◆ WHAT NEEDS TO BE DONE
Copy nothing but the lines running from the one containing "Kraft Coffee Bag" through the end of the listing below. Drop the pictures.

◆ DATASET CONTENT
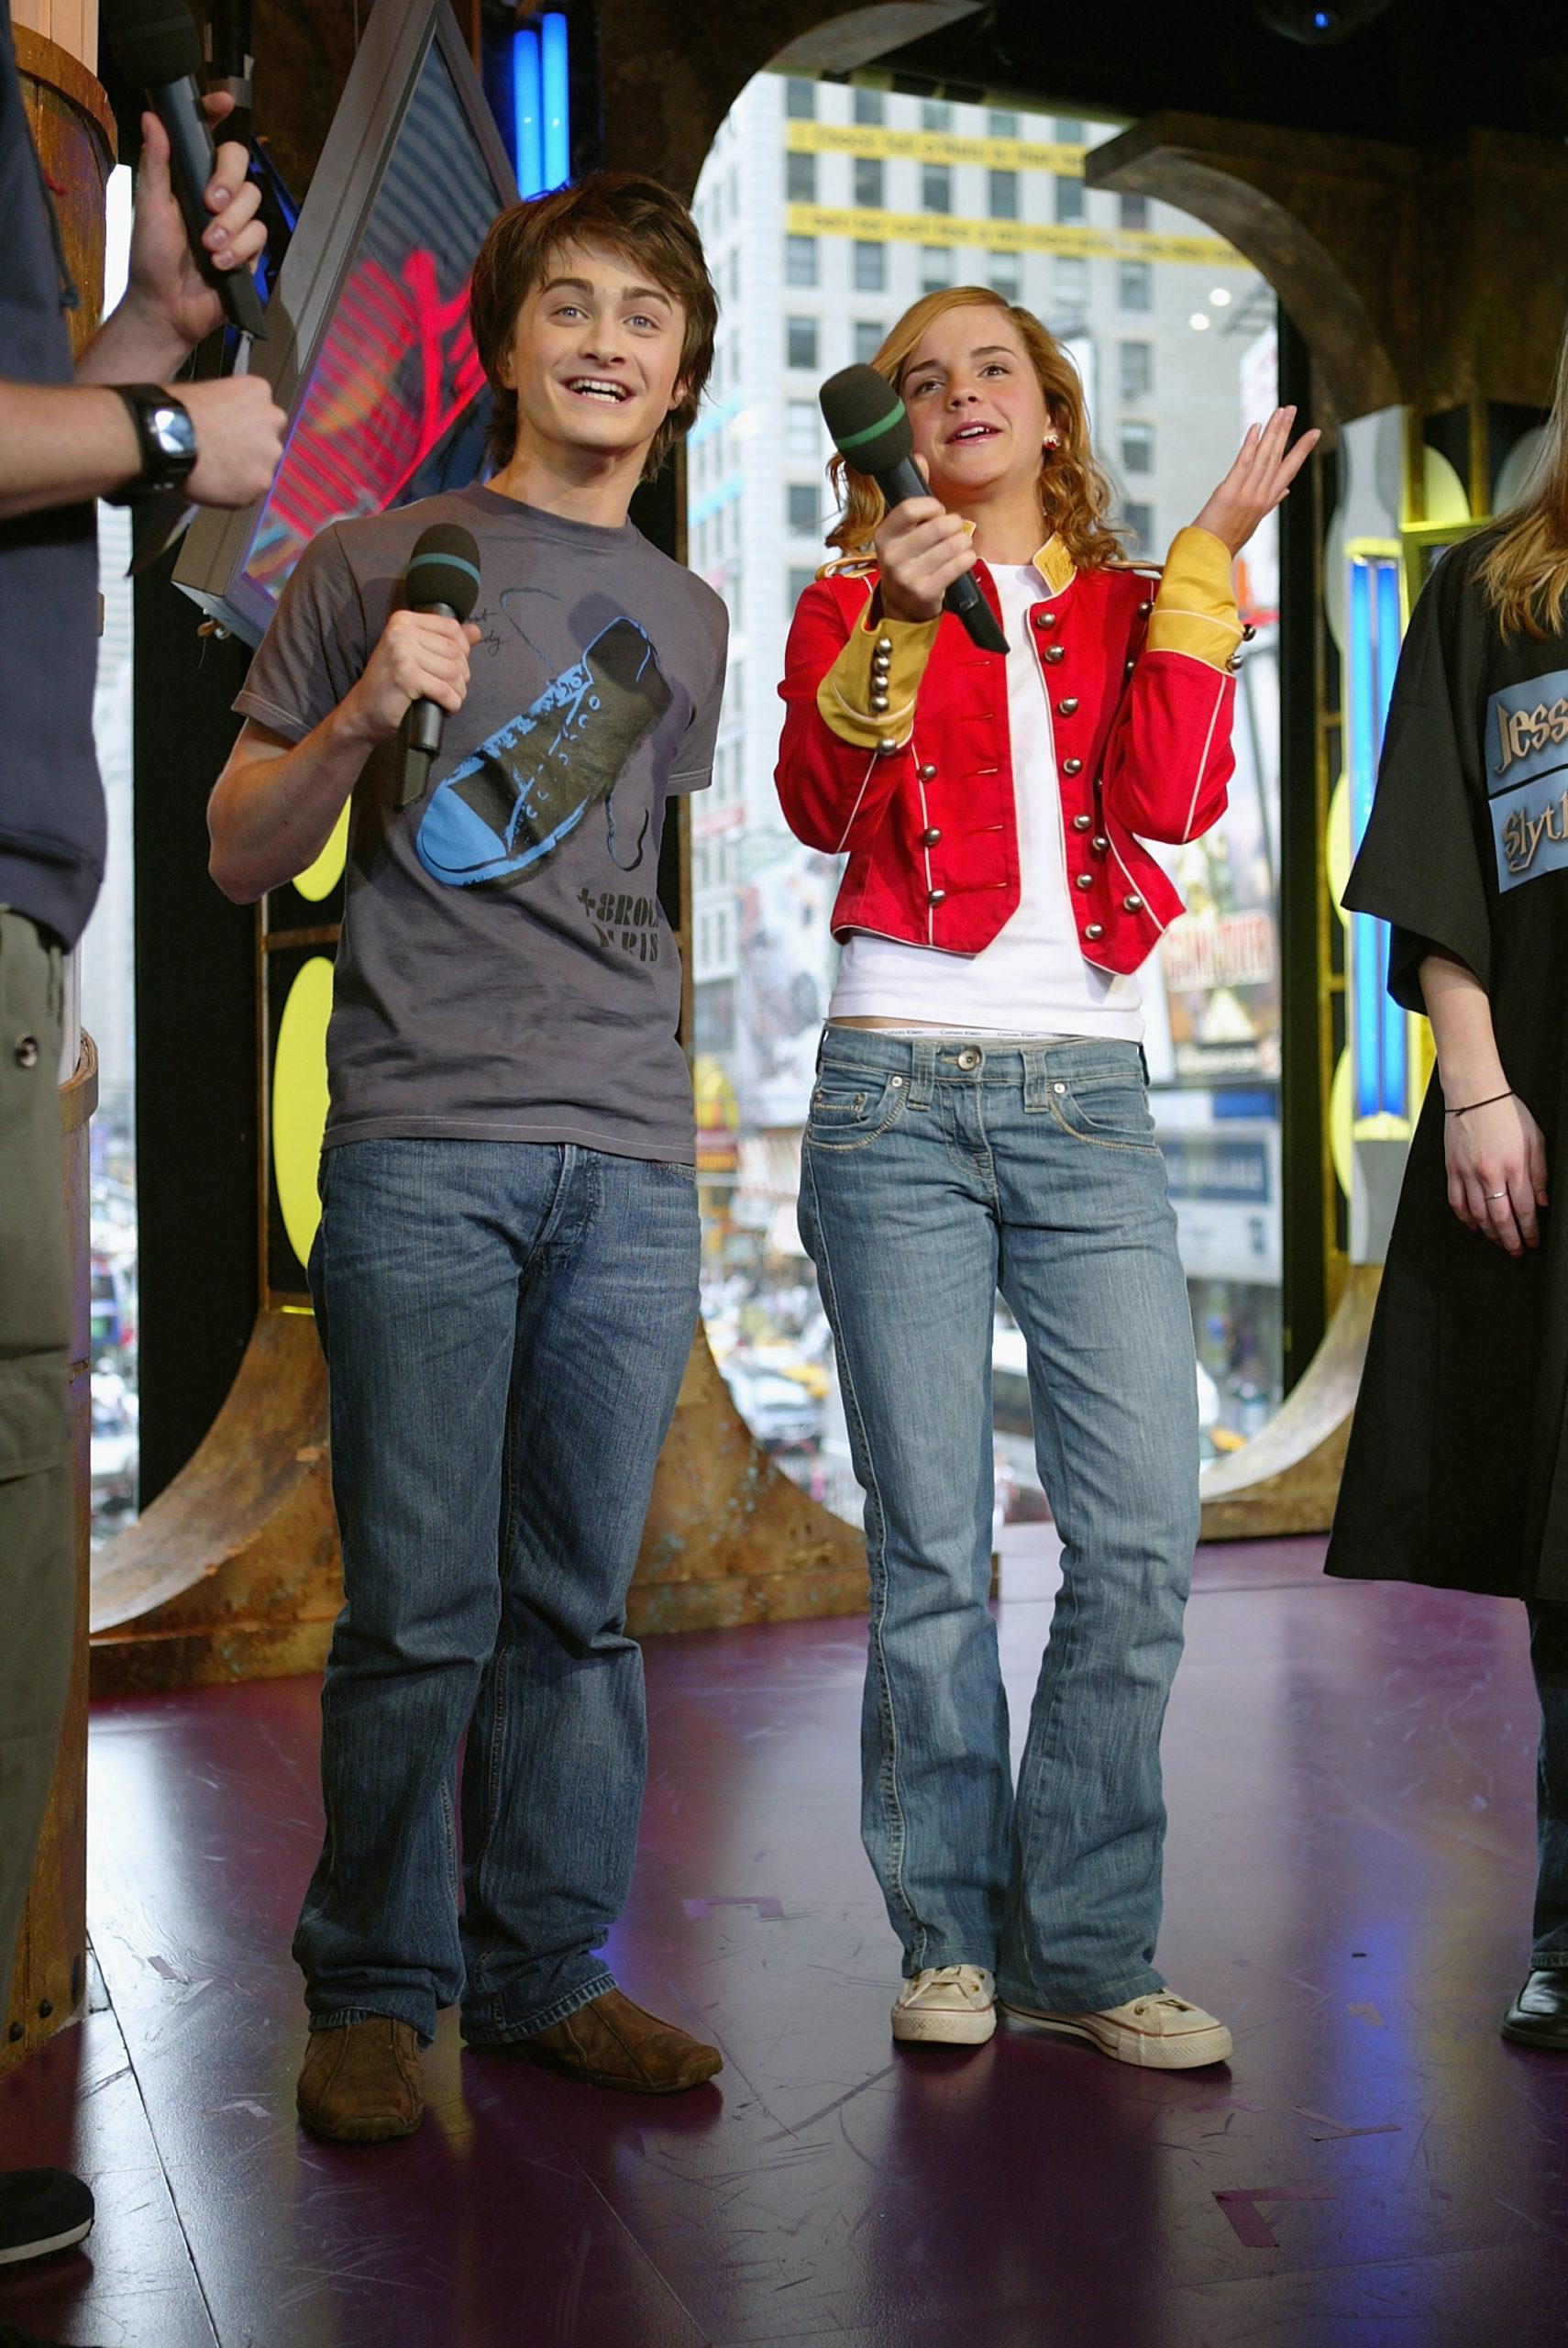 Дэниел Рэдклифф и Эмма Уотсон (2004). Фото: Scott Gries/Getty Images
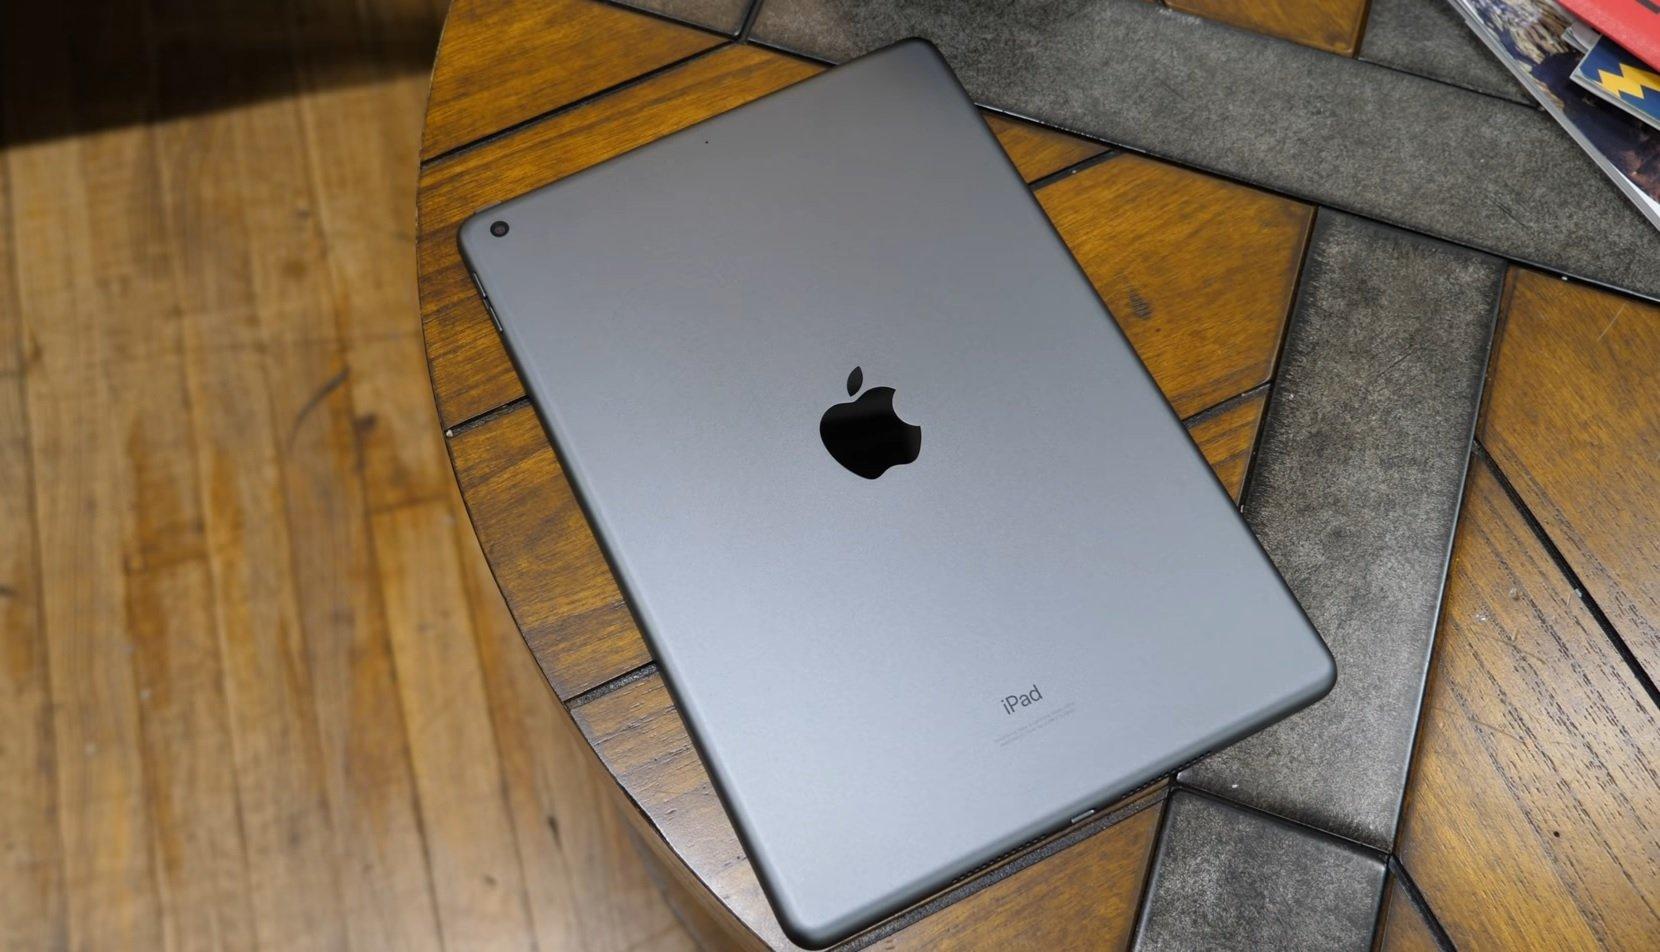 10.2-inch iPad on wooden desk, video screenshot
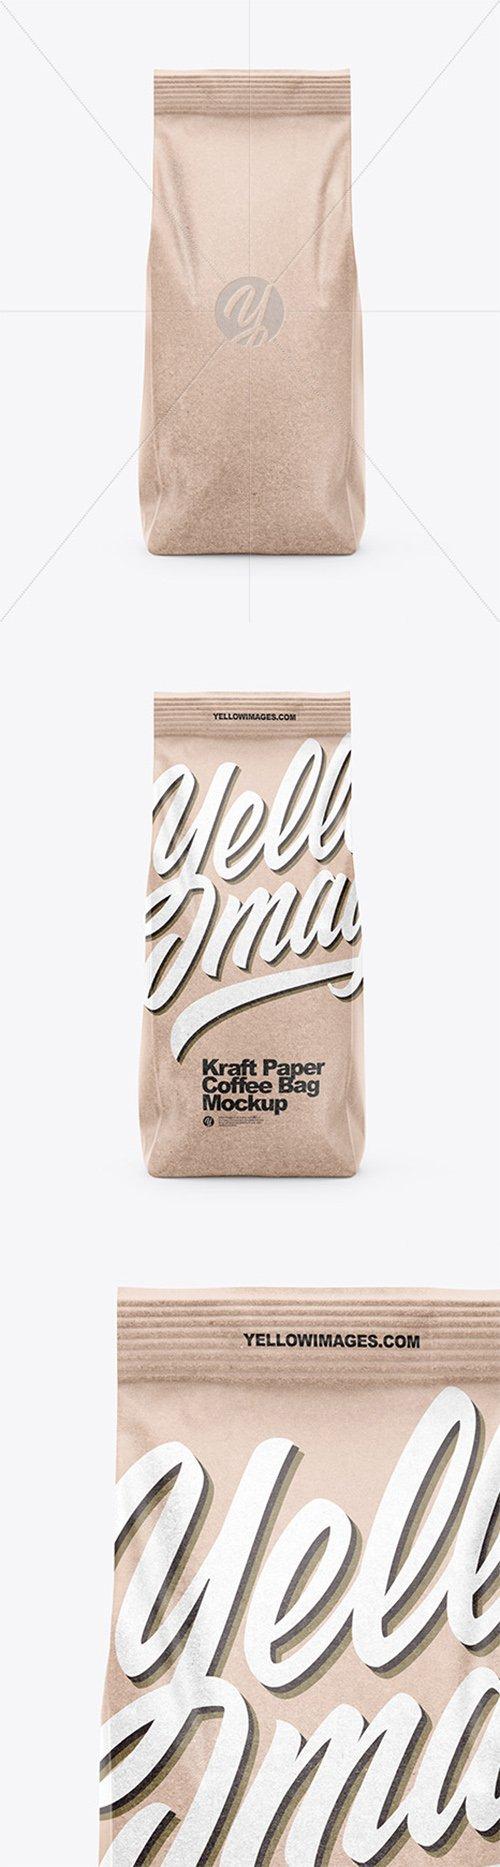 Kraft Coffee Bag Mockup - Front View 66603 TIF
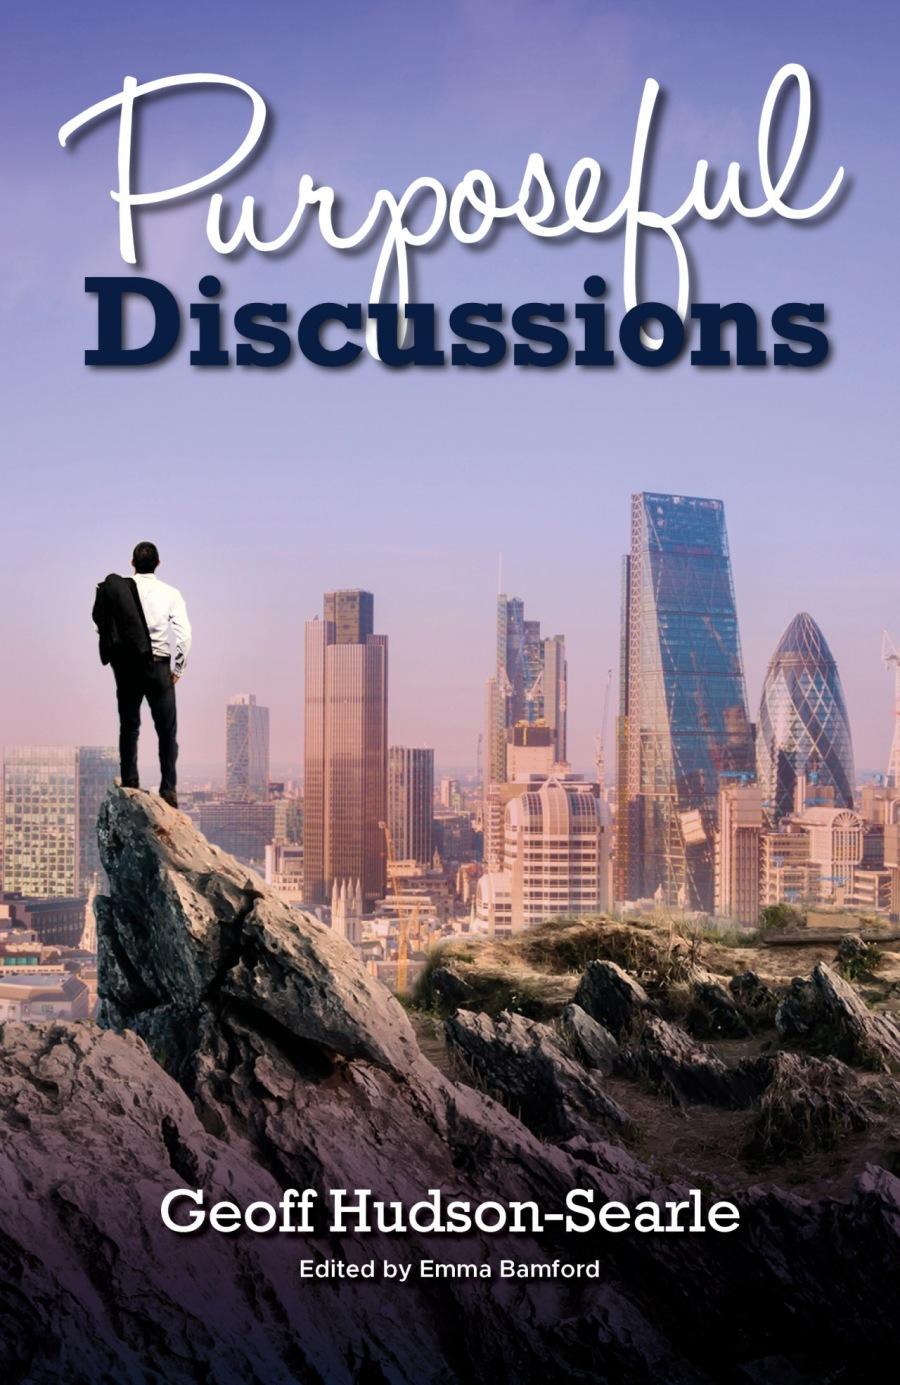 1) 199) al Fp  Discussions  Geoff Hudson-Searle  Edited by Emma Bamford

◆ YOUR RESPONSE
 Kraft Coffee Bag Mockup - Front View 66603 TIF
 1) 199) al Fp  Discussions  Geoff Hudson-Searle  Edited by Emma Bamford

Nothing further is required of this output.